## 📣Latest News
- [26/01/13] We have released v0.3. We support the training and deployment of Eagle3 for all-scale LLMs/VLMs/Audio models, as detailed in the [guidance documentation](https://angelslim.readthedocs.io/zh-cn/latest/features/speculative_decoding/eagle/index.html). And We released **Sherry**, the hardware-efficient 1.25 bit quantization algorithm [Paper Comming soon] | [[Code]](https://github.com/Tencent/AngelSlim/tree/sherry/Sherry)🔥🔥🔥
- [25/11/05] We have released v0.2. Quantization support for new models, such as `GLM-4.6`, `Qwen3-VL` and `Qwen3-Omni`, open-sources the Eagle3 speculative decoding training framework, and updates the Diffusion model quantization tools.
- [25/09/30] We have released **SpecExit**, the reasoning early-exit algorithm: [[Paper]](http://arxiv.org/abs/2509.24248) | [[Docs]](https://angelslim.readthedocs.io/zh-cn/latest/features/speculative_decoding/spec_exit.html) | [[vLLM Code]](https://github.com/vllm-project/vllm/pull/27192)
- [25/09/26] We have released **TEQUILA**, the ternary quantization algorithm [[Paper]](https://arxiv.org/abs/2509.23809) | [[Code]](https://github.com/Tencent/AngelSlim/tree/tequila/TernaryQuant)
- [25/09/24] We now support the PTQ quantization of NVFP4 for the Qwen3 series models. We also opensource [Qwen3-32B-NVFP4](https://huggingface.co/AngelSlim/Qwen3-32B_nvfp4) and [Qwen3-235B-A22B-NVFP4](https://huggingface.co/AngelSlim/Qwen3-235B-A22B_nvfp4) weights.
Previous News
- [25/09/01] We now support FP8 quantization of the [Hunyuan-MT-7B](https://huggingface.co/tencent/Hunyuan-MT-7B-fp8) translation model. And enabled Torch inference and Benchmark evaluation for Eagle3. And implemented support for quantization and Cache for [FLUX](https://github.com/Tencent/AngelSlim/tree/main/configs/flux). And support quantization for the [Seed-OSS](https://github.com/Tencent/AngelSlim/tree/main/configs/seed_oss).
- [25/08/06] We now support quantization for `Hunyuan 0.5B/1.8B/4B/7B` and multimodal model `Qwen2.5VL 3B/7B/32B/72B`, including `FP8/INT4` algorithms, and quantization for `DeepSeek-R1/V3` and `Kimi-K2`, including `FP8-Static` and `W4A8-FP8` algorithms. We also opensource `Hunyuan 1.8B/4B/7B` series Eagle3 model weight.

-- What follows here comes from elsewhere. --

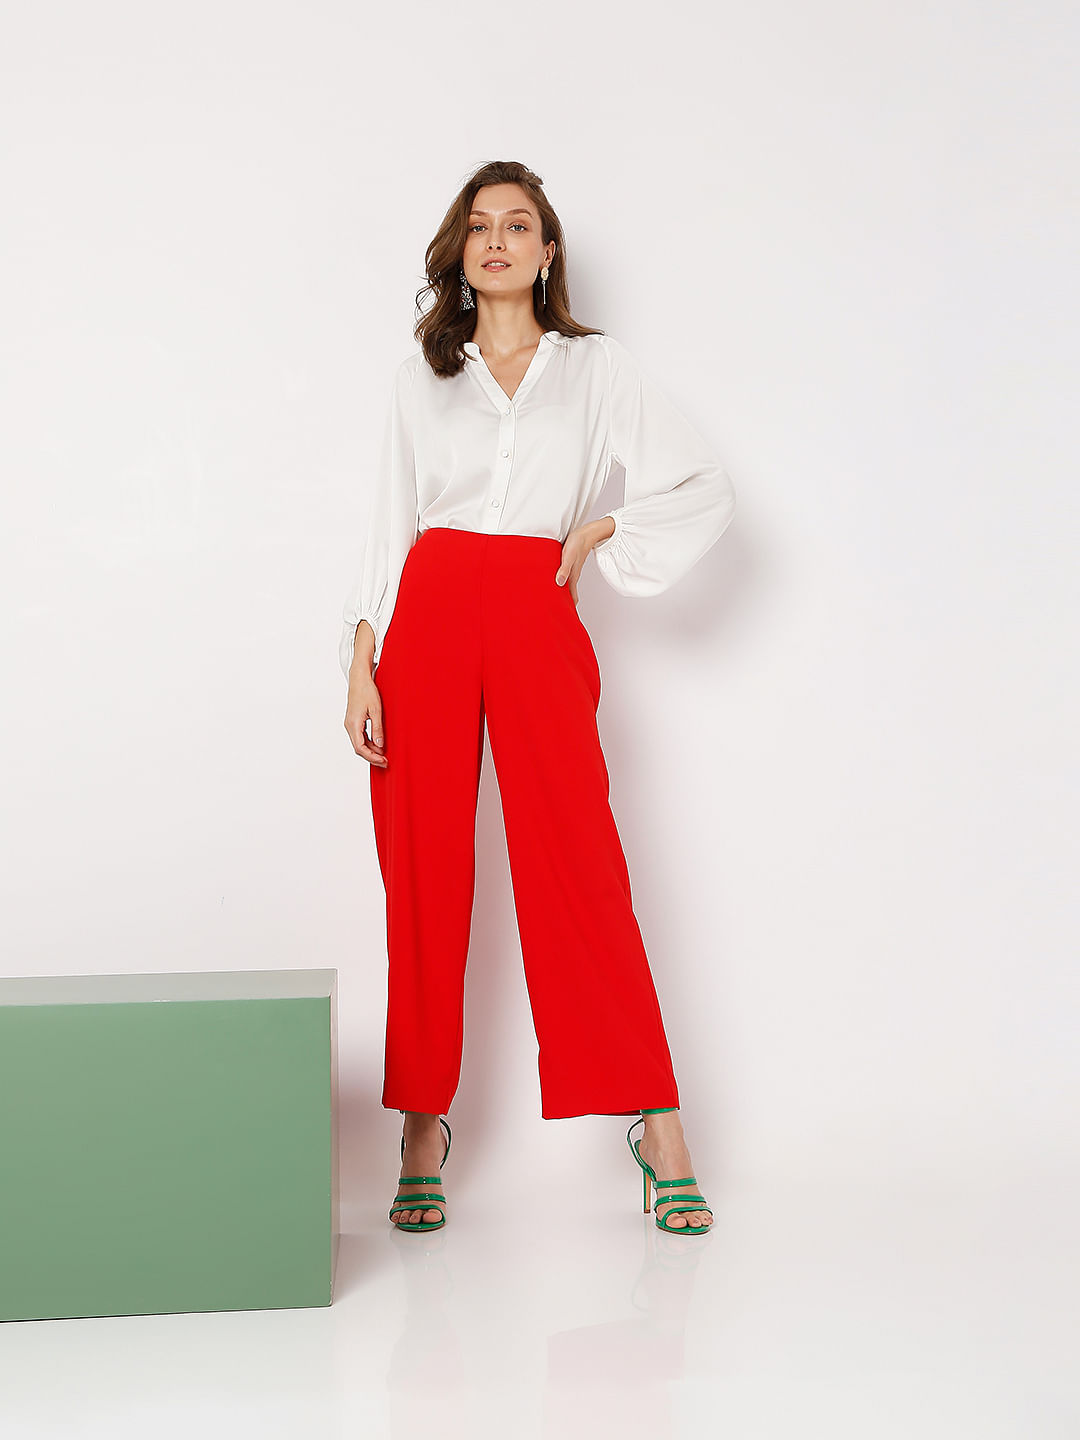 Red Wide Leg Pants  Fall Style  The Hunter Collector  Red wide leg pants  Red pants outfit Red trousers outfit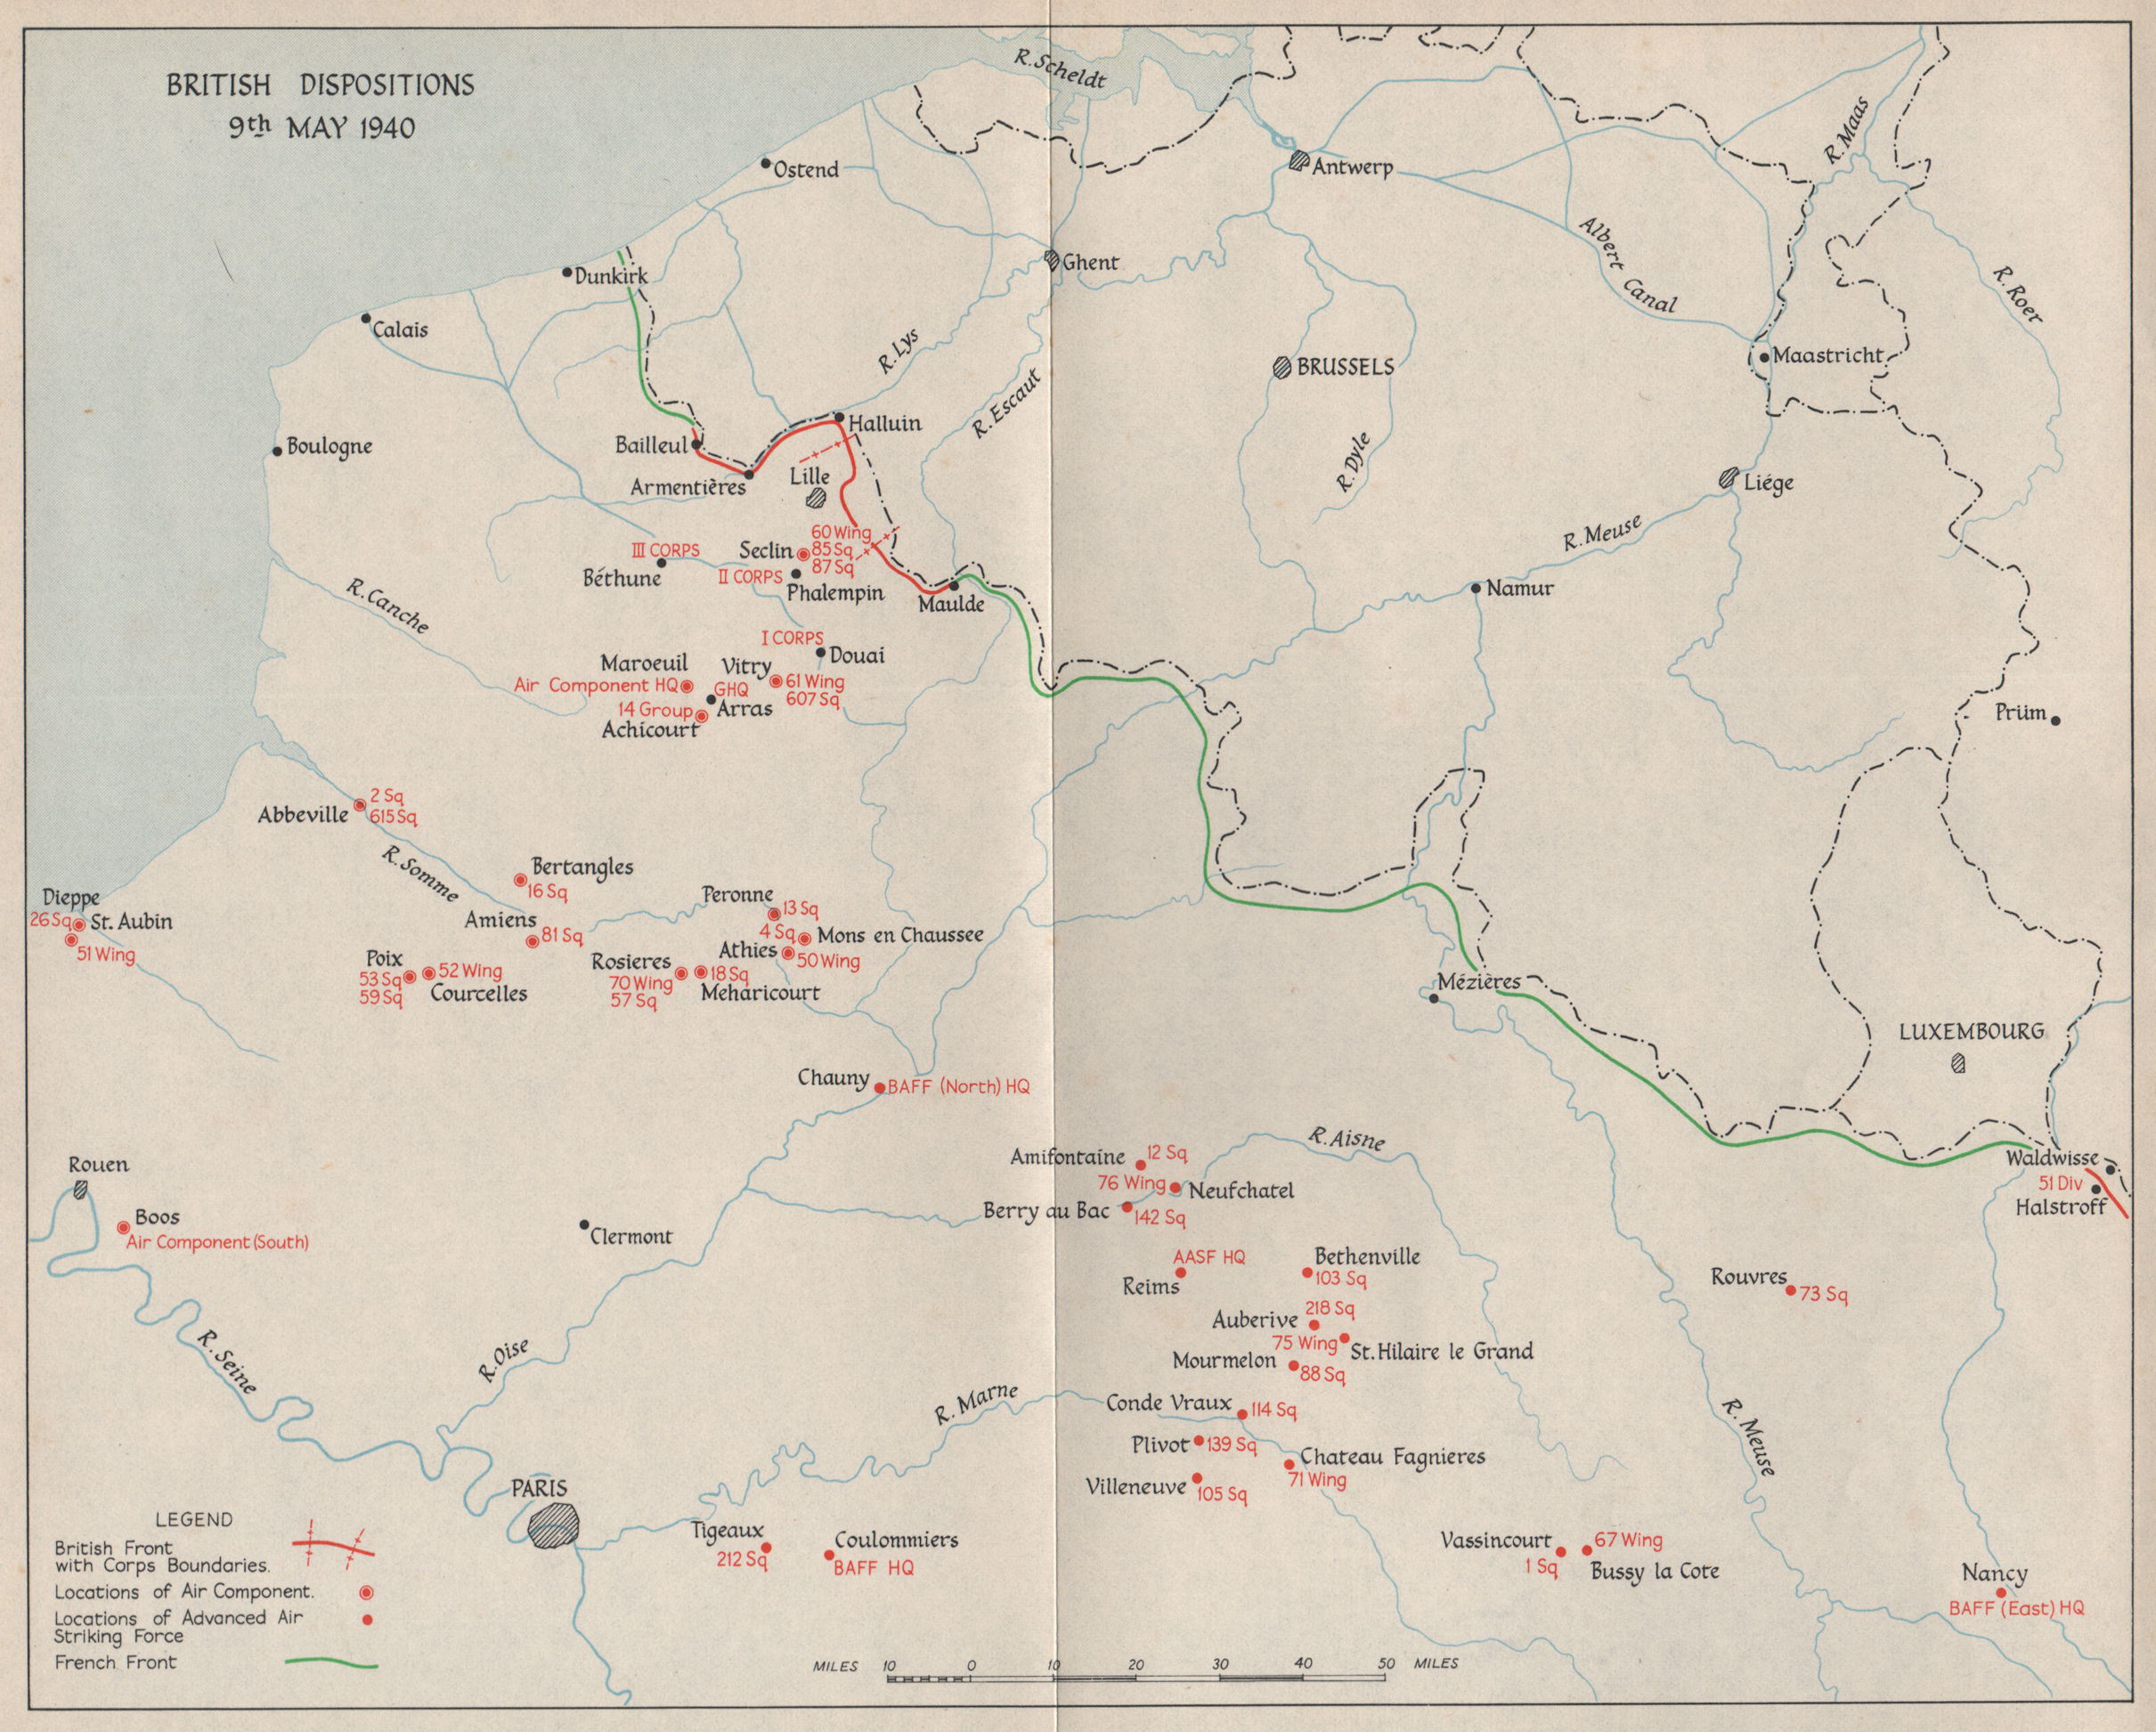 FALL OF FRANCE. British troop dispositions 9th May 1940. French front 1953 map

- [25/07/04] We now support quantization for `Hunyuan/Qwen2.5/Qwen3/DeepSeek-R1-Distill-Qwen` and other models, including `INT8/FP8/INT4` algorithms. We also opensource `Qwen3` series Eagle3 model weight.
## 🌟Key Features
- **Highly Integrated**: This toolkit integrates mainstream compression algorithms into a unified framework, offering developers one-click access with exceptional ease of use.
- **Continuous Innovation**: Beyond integrating widely-used industry algorithms, we are continuously researching better compression algorithms, which will be gradually open-sourced in the future.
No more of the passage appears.